Читайте также: Полмиллиарда на стартапы: зачем в Украине создается фонд фондов

Когда сингапурского реформатора Ли Куан Ю спрашивали, что было самое сложное в его жизни, он отвечал: наказывать своих друзей. Даже не то чтобы наказывать, а физически расправляться с ними. У него был выбор: вместе с друзьями расслабиться и стать богатыми людьми после прихода к власти или построить авторитарную, но процветающую страну. Он выбрал второе. Его плохо воспринимали американцы, потому что он не так строил демократию, по их мнению.

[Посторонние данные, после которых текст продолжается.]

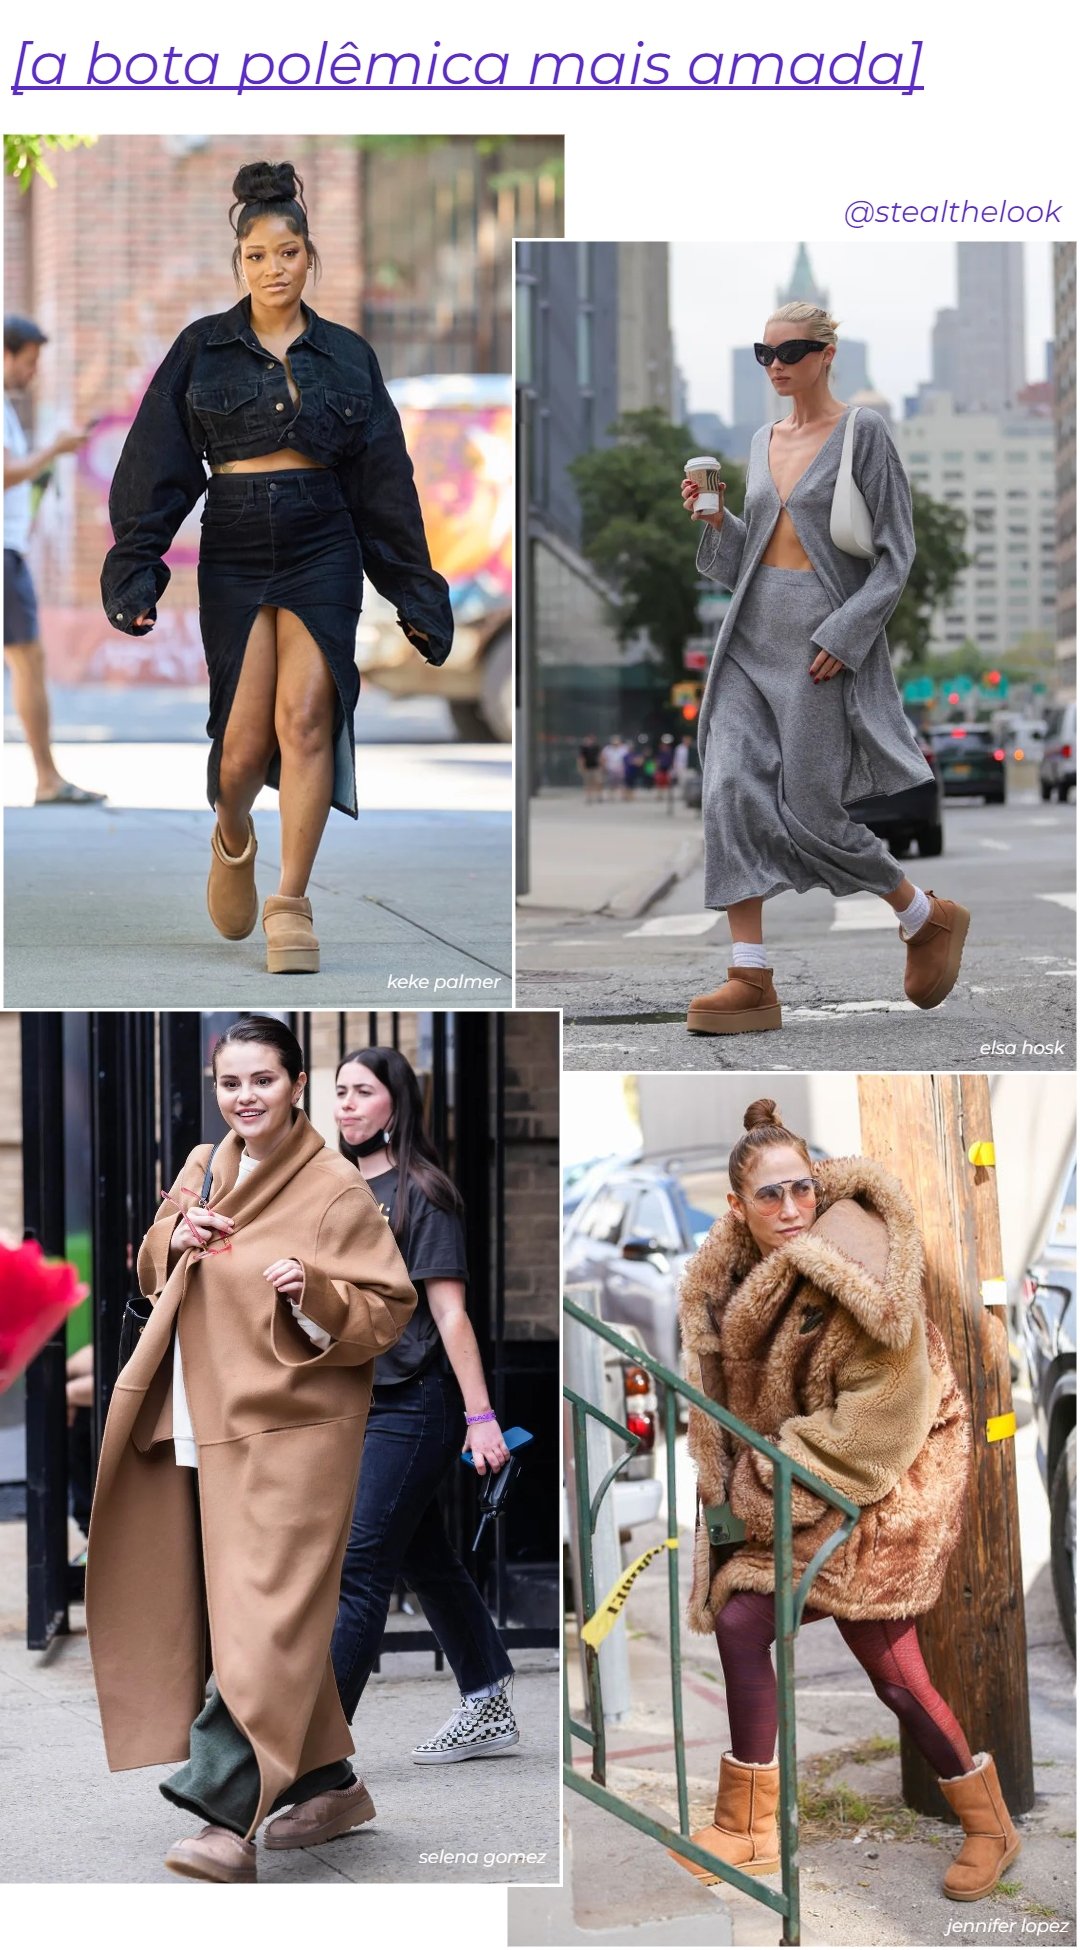 Celebridades - roupas diversas - tendências polêmicas - inverno - colagem de imagens - https://stealthelook.com.br

Но я считаю, что в бедной стране демократия - это фикция. Потому что люди, приходящие к власти, тут же пытаются что-то прикарманить. Им трудно устоять перед соблазном. Поэтому мне кажется, что во власти должна быть комбинация волевых людей, которые видят и верят в страну и реально пытаются что-то сделать, изменить. К сожалению, мне кажется, таких политиков нет. Это проблема всех стран постсоветского пространства. Но, повторюсь, я не политик, мне сложно об этом рассуждать.

- PwC недавно опубликовала прогноз по украинской IT-индустрии, которая может вырасти до 27 млрд грн до 2020 года. Как вы считаете, у Украины в этой сфере есть перспективы?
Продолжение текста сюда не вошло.